A Times Higher Education (THE) survey of voting intentions ahead of the 2015 General Election found 84 per cent of academics backed left wing parties while only 11 per cent would support Conservatives (merely half of those favouring the far-left Greens).

Another THE poll before the European Union referendum was similarly skewed with 90 per cent backing Remain, 40 per cent saying they were more likely to leave the country and only 10 per cent backed Leave. 

Now Policy Exchange’s Academic Freedom in the UK: Protecting Viewpoint Diversity reports that 54 per cent of academics would feel uncomfortable sitting next to a leave supporter at lunch and a third to half of those reviewing a grant bid would mark it lower if it took a right-wing perspective. 

Insufficient cognitive diversity increasingly prevails in what Sir Roger Scruton once called the emerging ‘leftist academic complex’.

Enjoying freedom and prosperity on a scale young people had never previously known, the ‘soixante-huitards’ of the 1968 student protests followed Antonio Gramsci in believing power resides in cultural hegemony. Education is a front in the ‘war of position’. ‘Cultural subversion’ precedes ‘open insurrection’ in the ‘war of manoeuvre’ against what they saw as the ‘dominant class’. 

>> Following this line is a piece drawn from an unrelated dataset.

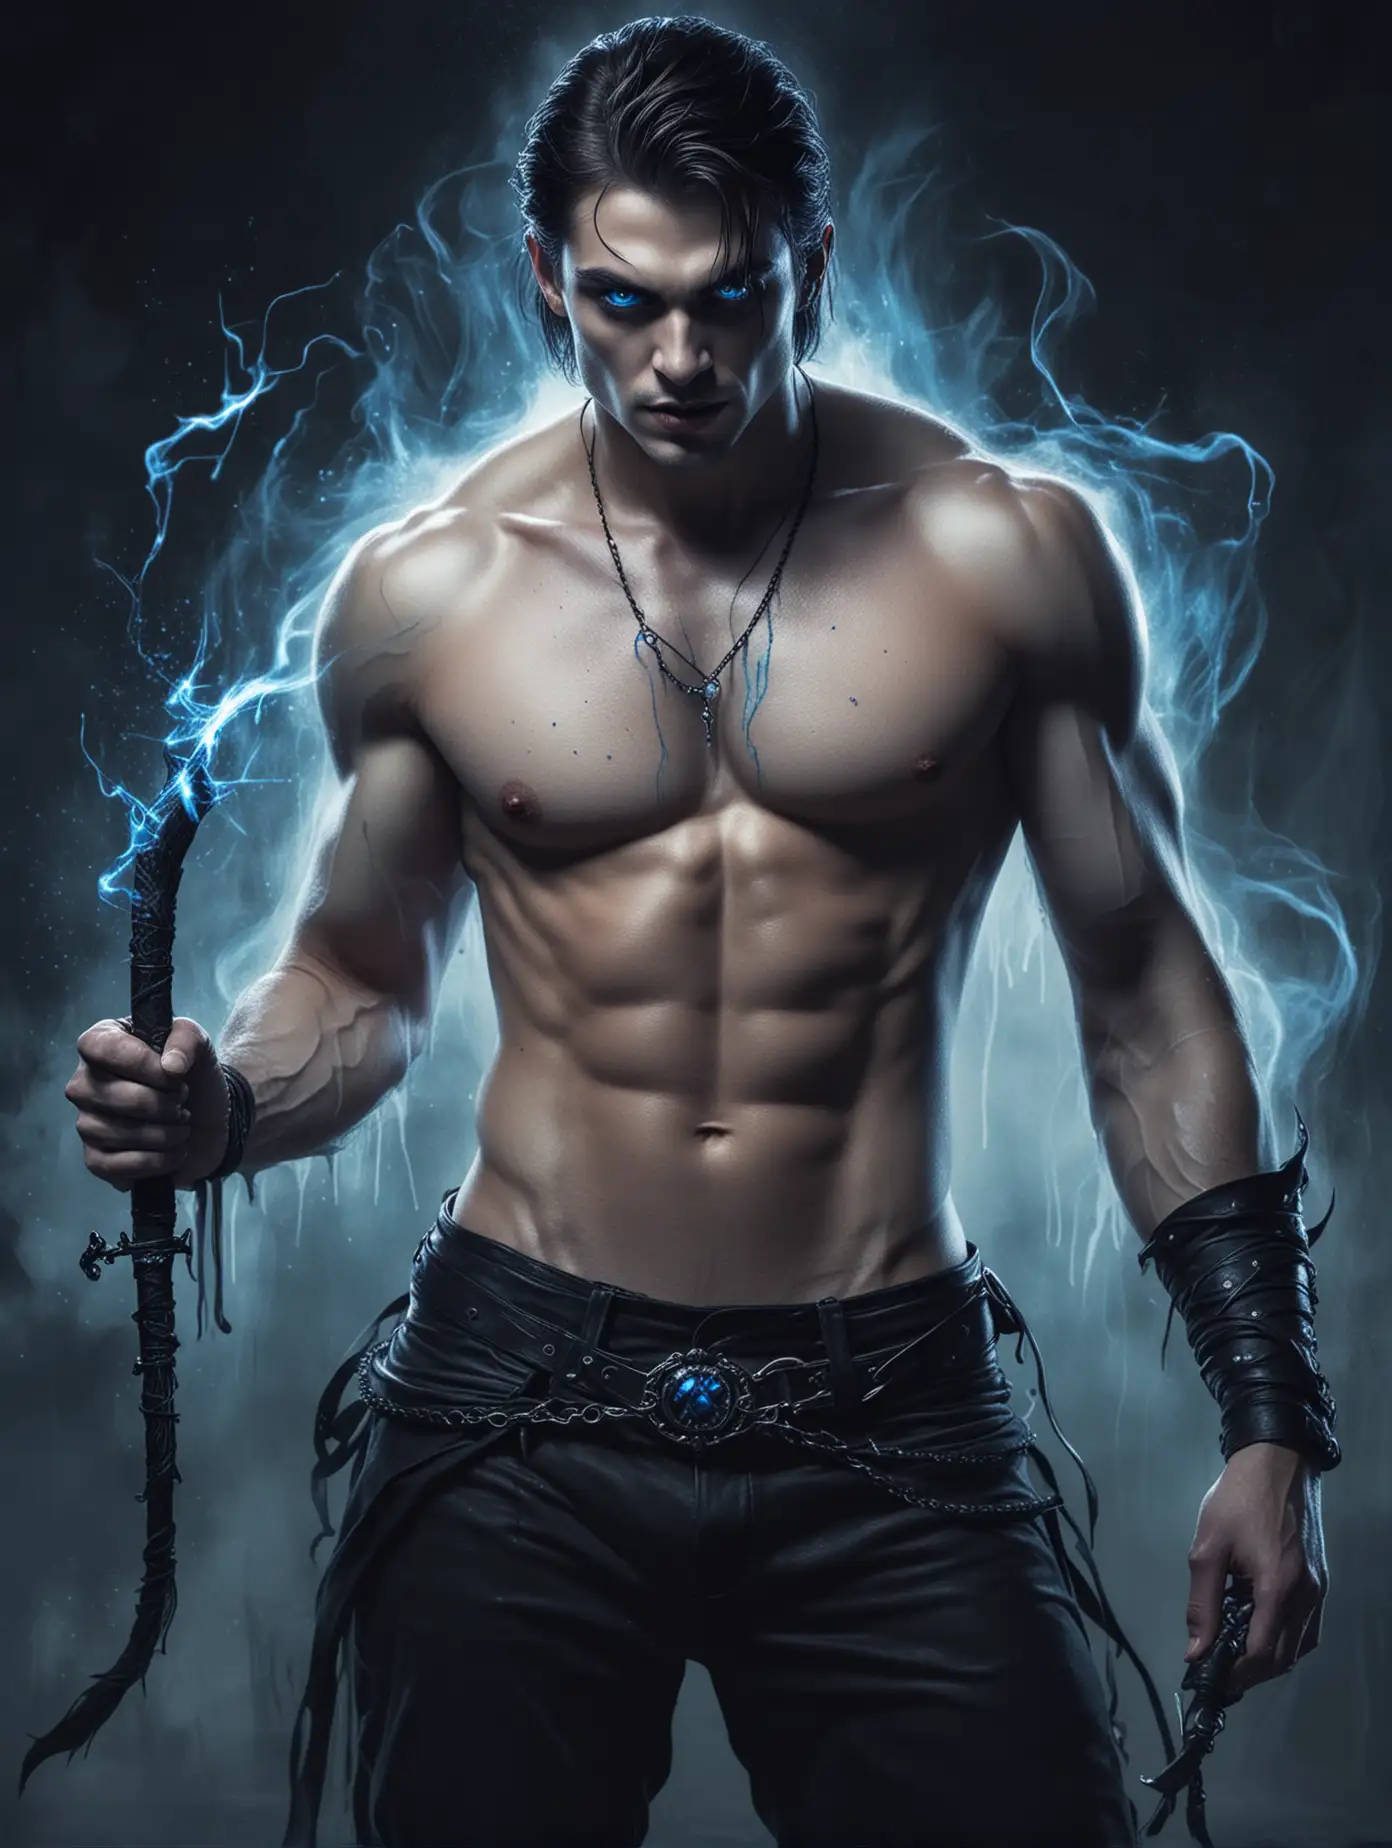 Illustration of a sexy shirtless vampire, with deep blue eyes, fangs, he is holding a whip, blue fog, blue sparks

A generation of left wing radicals drew inspiration from the student activist and Gramscian Marxist Rudi Dutschke who saw the ‘long march through the institutions’ as a means of subverting bourgeoisie culture by seizing the commanding heights of society.

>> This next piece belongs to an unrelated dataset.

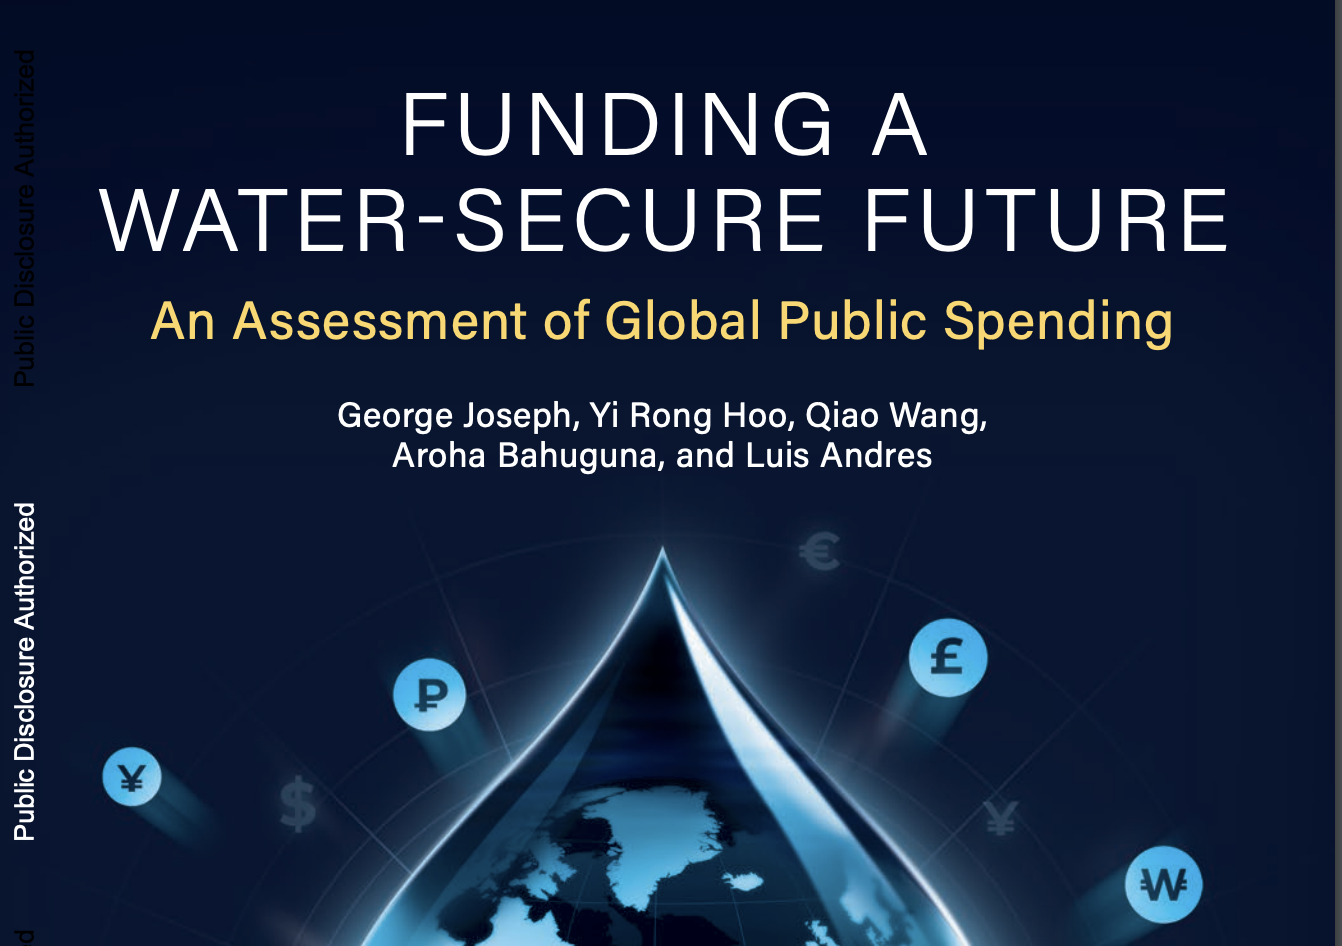 New World Bank report analyses global public spending in water

With an ideological freehold on intellectual culture the left is now the academic establishment. 

Clusters of academics with similar views leads to what Policy Exchange calls ‘a structural discriminatory effect’ against the small number of academics on the right who may find grant applications harder and career progression slower. “Left discriminates more than the right”. Yet there are far more of the left to start with. 

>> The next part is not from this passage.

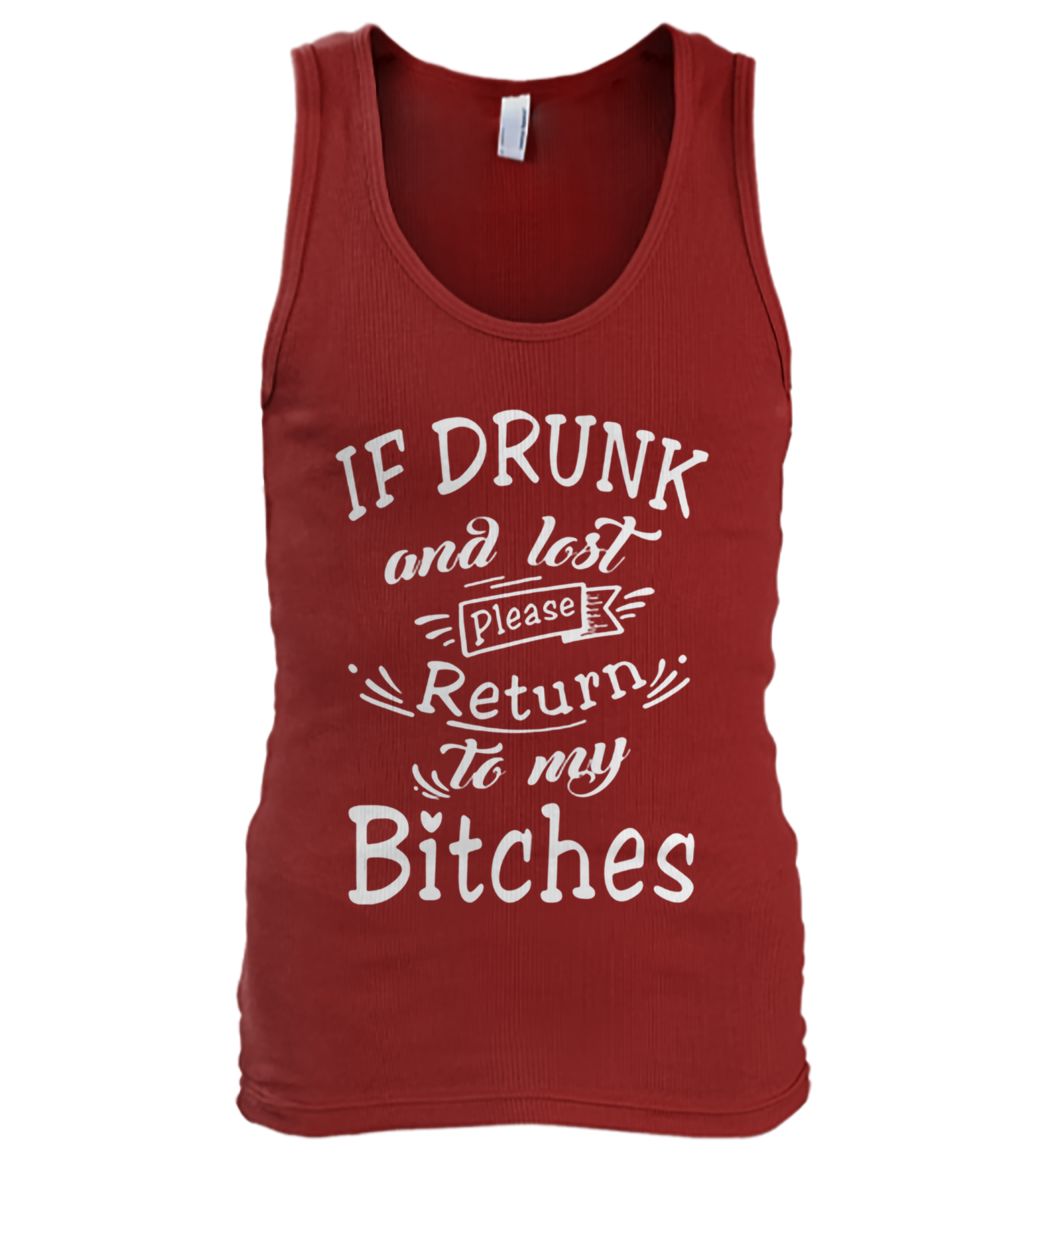 If drunk and lost please return to my bitches men's tank top

It also leads to the chilling effect of self-censorship – J S Mill’s ‘tyranny of the prevailing opinion and feeling’, that can give rise to “a social tyranny more formidable than many kinds of political oppression” – with 63 per cent of ‘very right’ and 44 per cent of ‘fairly right’ academics report a hostile departmental environment. 

An anonymous academic who penned ‘I voted for Brexit why do academics treat me as a pariah?‘ in The Guardian asked: “…if established academics at elite universities like Cambridge need bravery to simply state a contrary view, what must it take for a lowly PhD student?” 

Insufficient viewpoint diversity can lead to a purity spiral such as when the University of Sussex organised a workshop for staff titled ‘Dealing with right wing attitudes and politics in the classroom’.

Sir Keith Joseph lamented the right ‘…never got an LSE – far from it – and we never got a New Statesman’. Indeed the cultural influence of the uninvigilated academic left should not be underestimated, for as Friedrich von Hayek observed in The Intellectuals and Socialism, the ‘professional second-hand dealers in ideas’ decide the language of politics. 

Institutional capture by the tenured left paves the way for a small minority of left wing firebrands, successful in hijacking campus bodies and in control of the National Union of Students, to impose their agenda on ‘student-life’ bureaucracies.

They are downstream from Frankfurt School Marxist Herbert Marcuse who thought that free speech is a form of ‘repressive tolerance’ when it allows counter-revolutionary opinions to ‘oppress’ the ‘overpowered’. 

Marcuse demanded ‘new and rigid restrictions on teachings and practices in educational institutions’. The loud-hailing activist minority rejects free expression in favour of banning newspapers and the ‘no-platforming’ of dissenters.

It is easy to joke about ‘Stepford students’ and safe spaces. Yet the chilling effect also spreads outwards from the Junior Common Room. A 2019 survey found nearly half of students polled supported a ban on the feminist thinker Germaine Greer speaking at Cardiff University.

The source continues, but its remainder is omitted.